Dataset section.
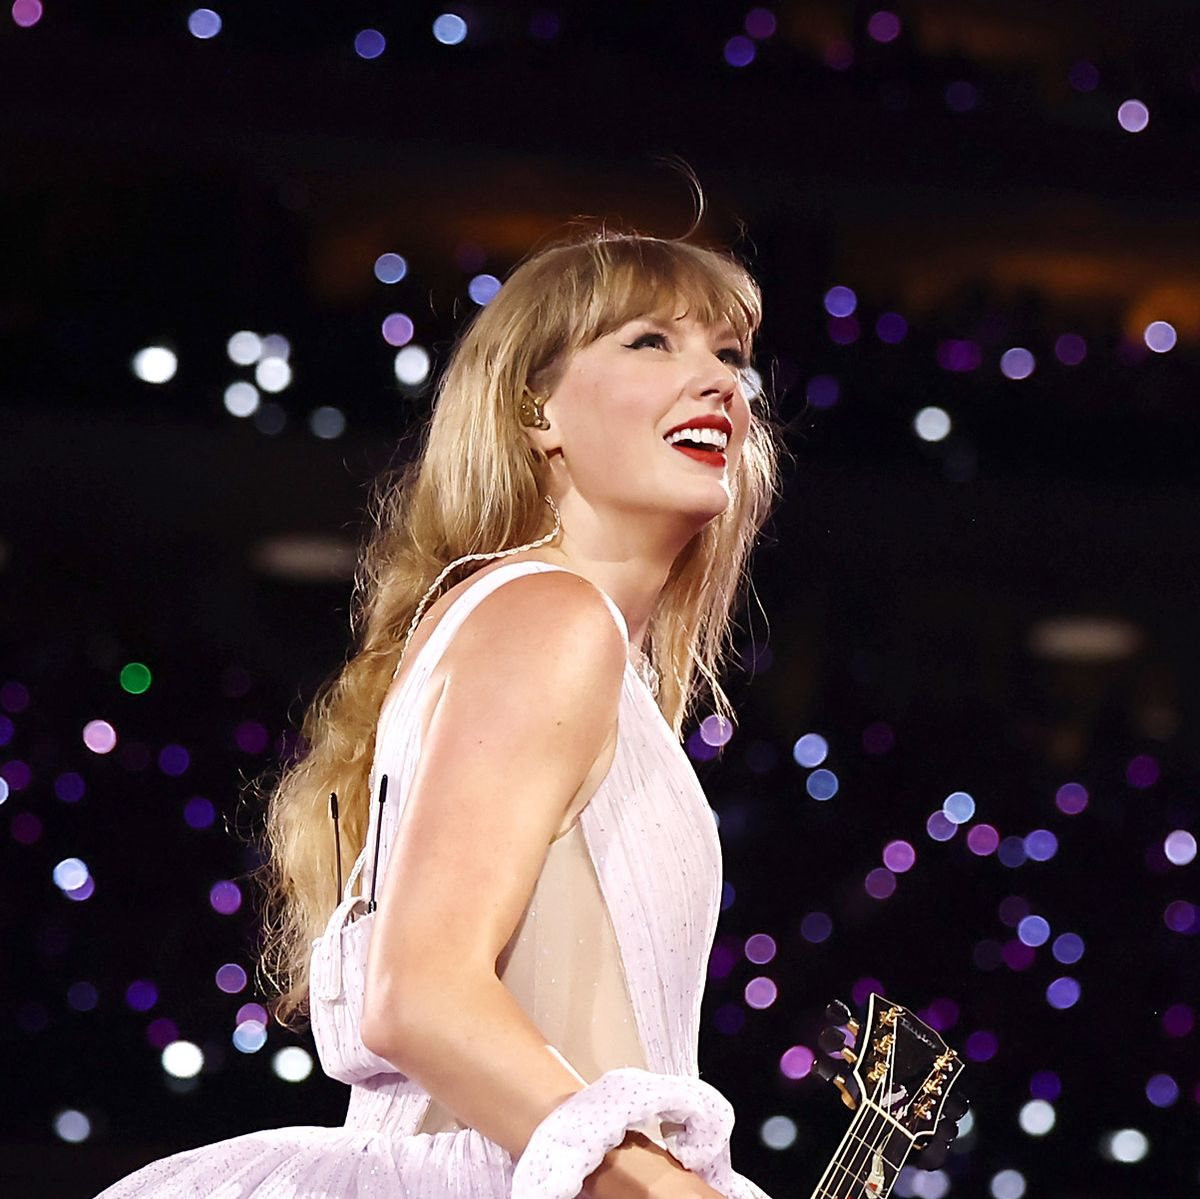 Xuýt xoa với danh mục bất động sản trị giá ít nhất 150 triệu USD của nữ tỷ phú âm nhạc quyền lực nước Mỹ Taylor Swift 
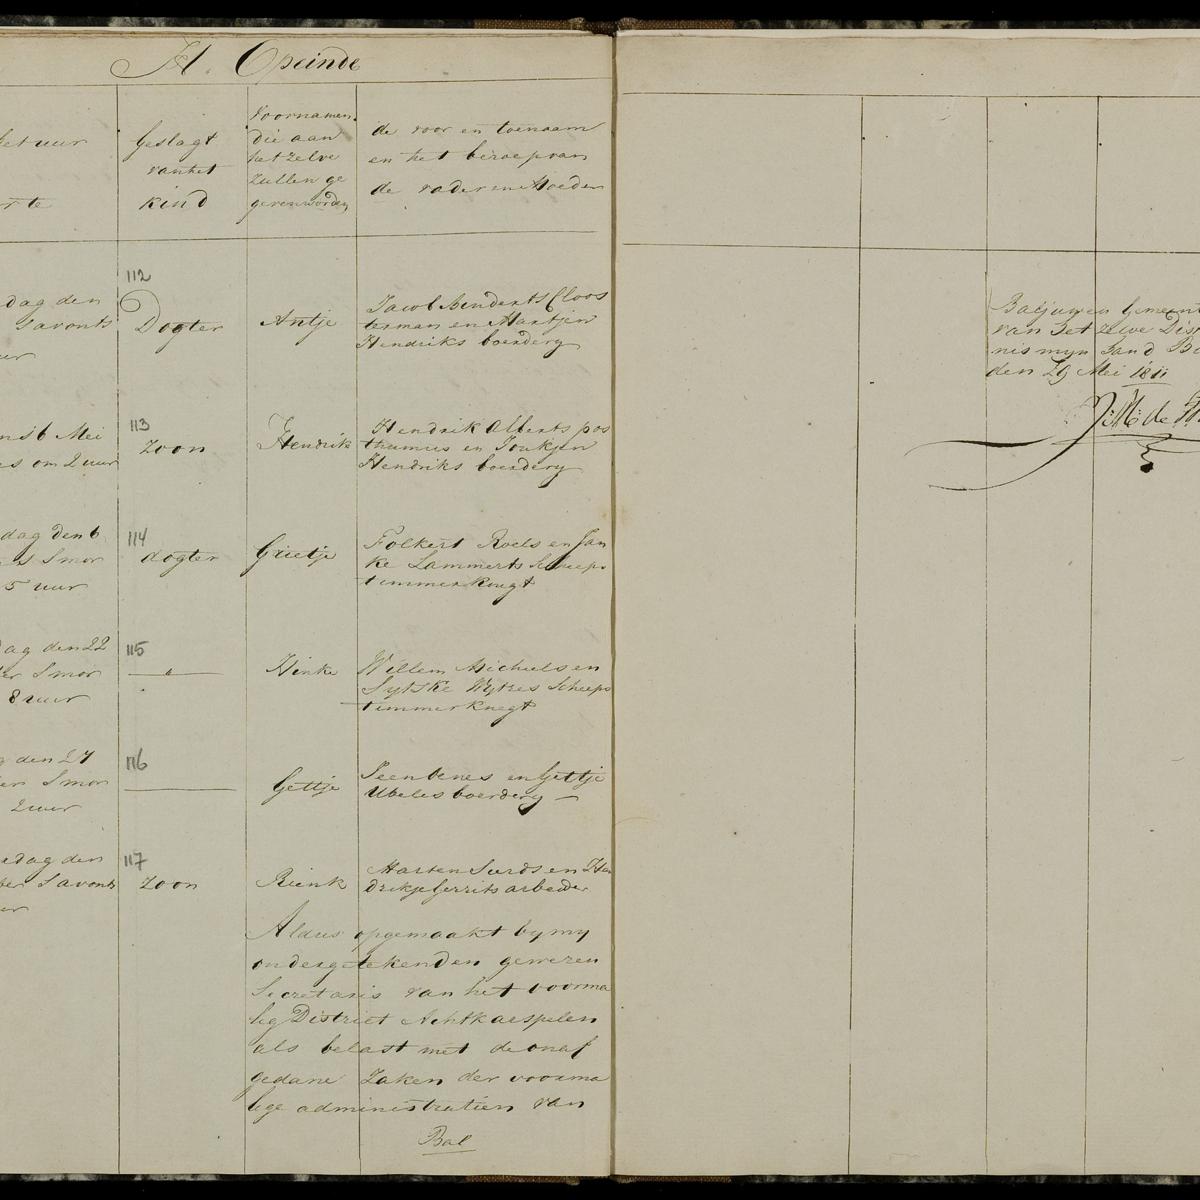 Civil registry of births, Achtkarspelen, 1811, records 112-117
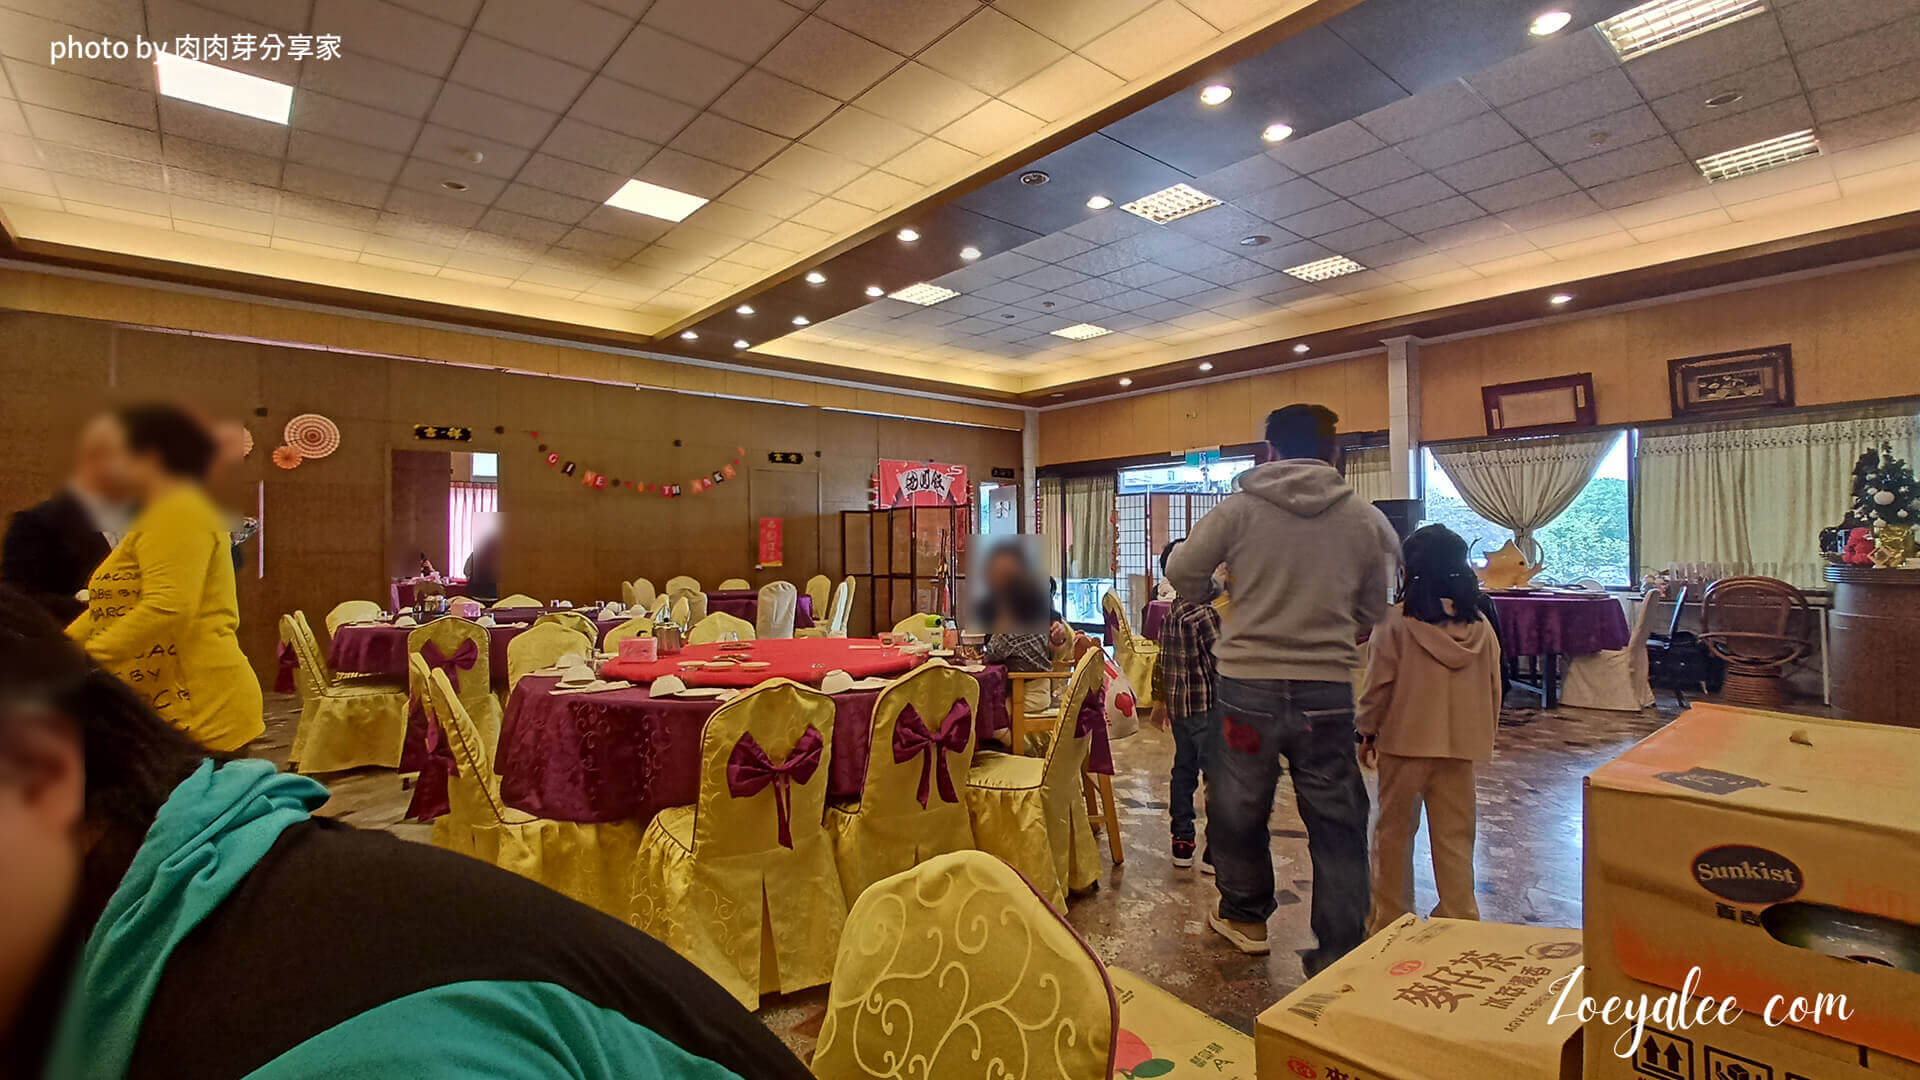 桃園八德,項目包含喜宴,聚餐,外燴的餐廳-上海怹餐廳婚宴座位是圓桌，並且搭配高級紫色綢緞桌巾與黃金色的花紋椅套
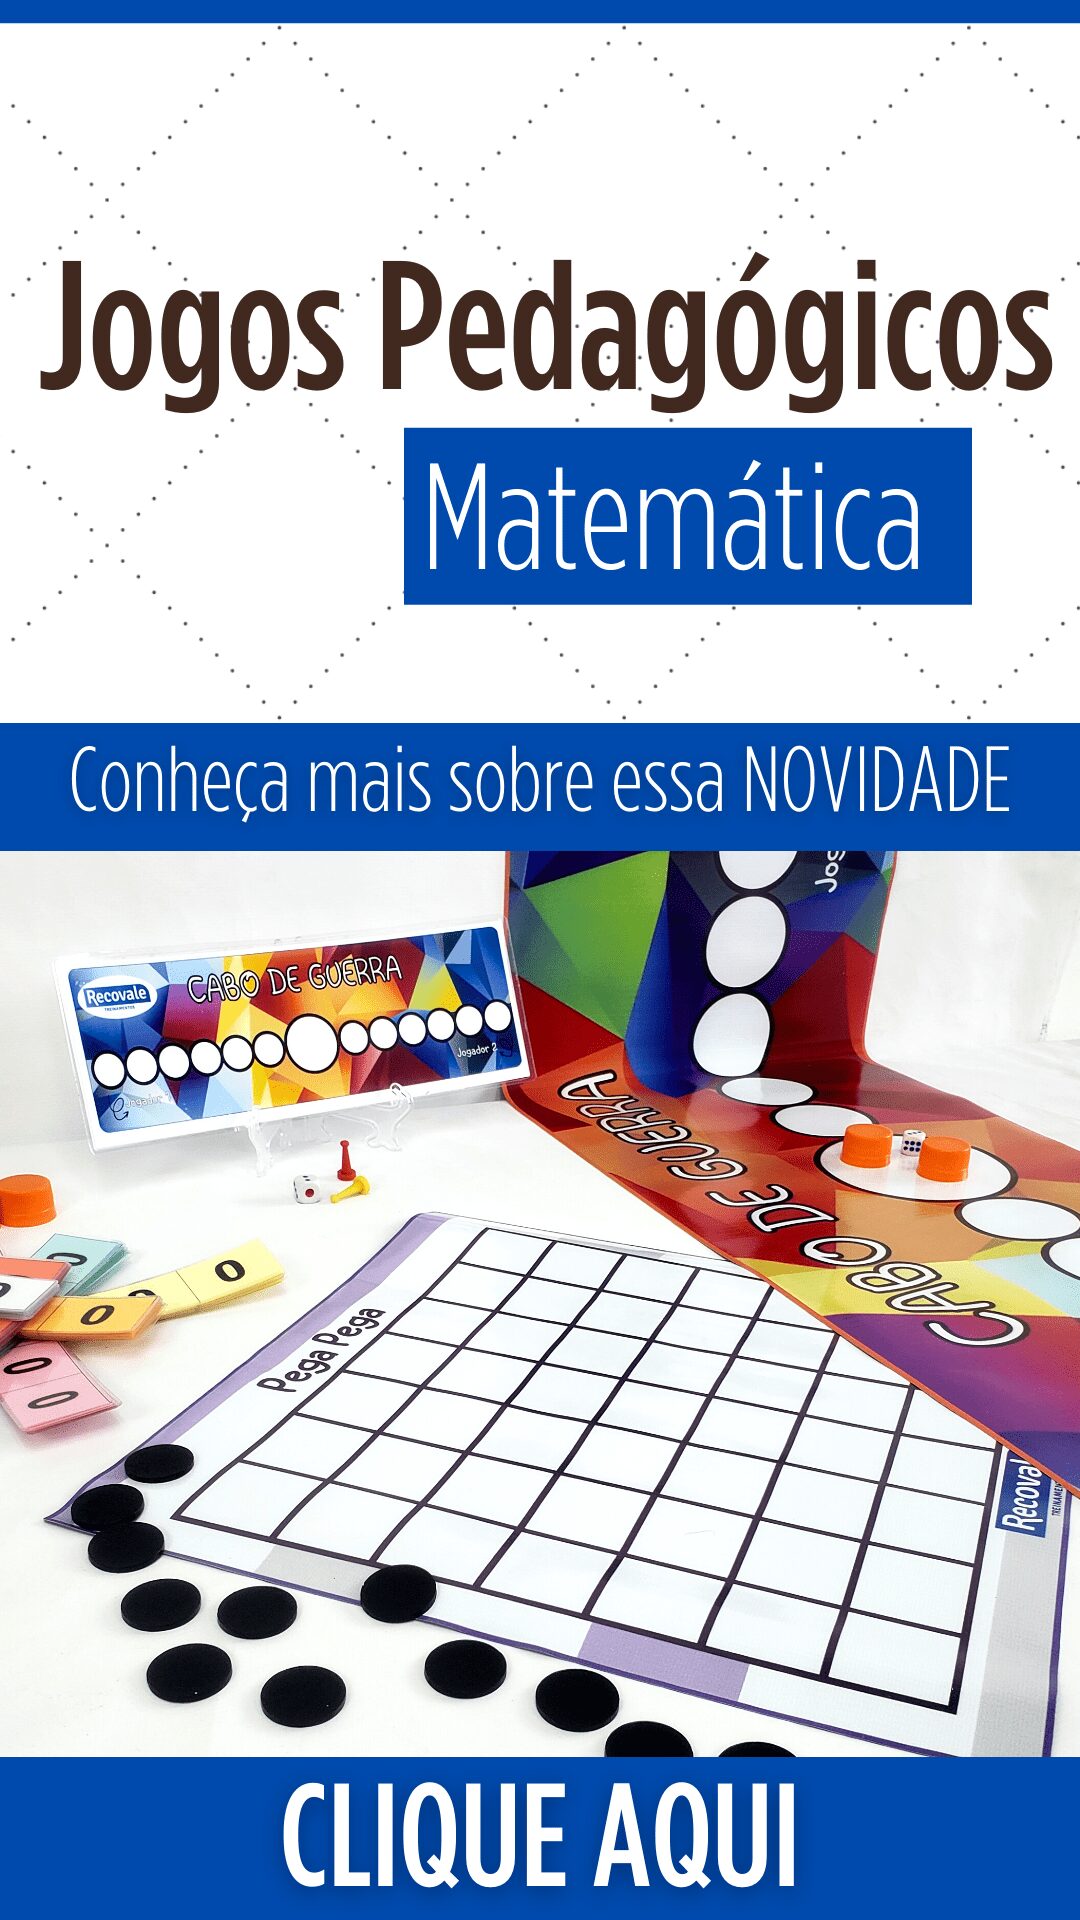 jogos de matematica para fazer em sala de aula - Pesquisa Google  Desafios  de matemática, Jogos matemáticos, Jogos educativos matemática

Exercise goal.
Repeat the lines above precisely and skip every picture.

Answer space.
 Xuýt xoa với danh mục bất động sản trị giá ít nhất 150 triệu USD của nữ tỷ phú âm nhạc quyền lực nước Mỹ Taylor Swift 
 Civil registry of births, Achtkarspelen, 1811, records 112-117
 桃園八德,項目包含喜宴,聚餐,外燴的餐廳-上海怹餐廳婚宴座位是圓桌，並且搭配高級紫色綢緞桌巾與黃金色的花紋椅套
 jogos de matematica para fazer em sala de aula - Pesquisa Google  Desafios  de matemática, Jogos matemáticos, Jogos educativos matemática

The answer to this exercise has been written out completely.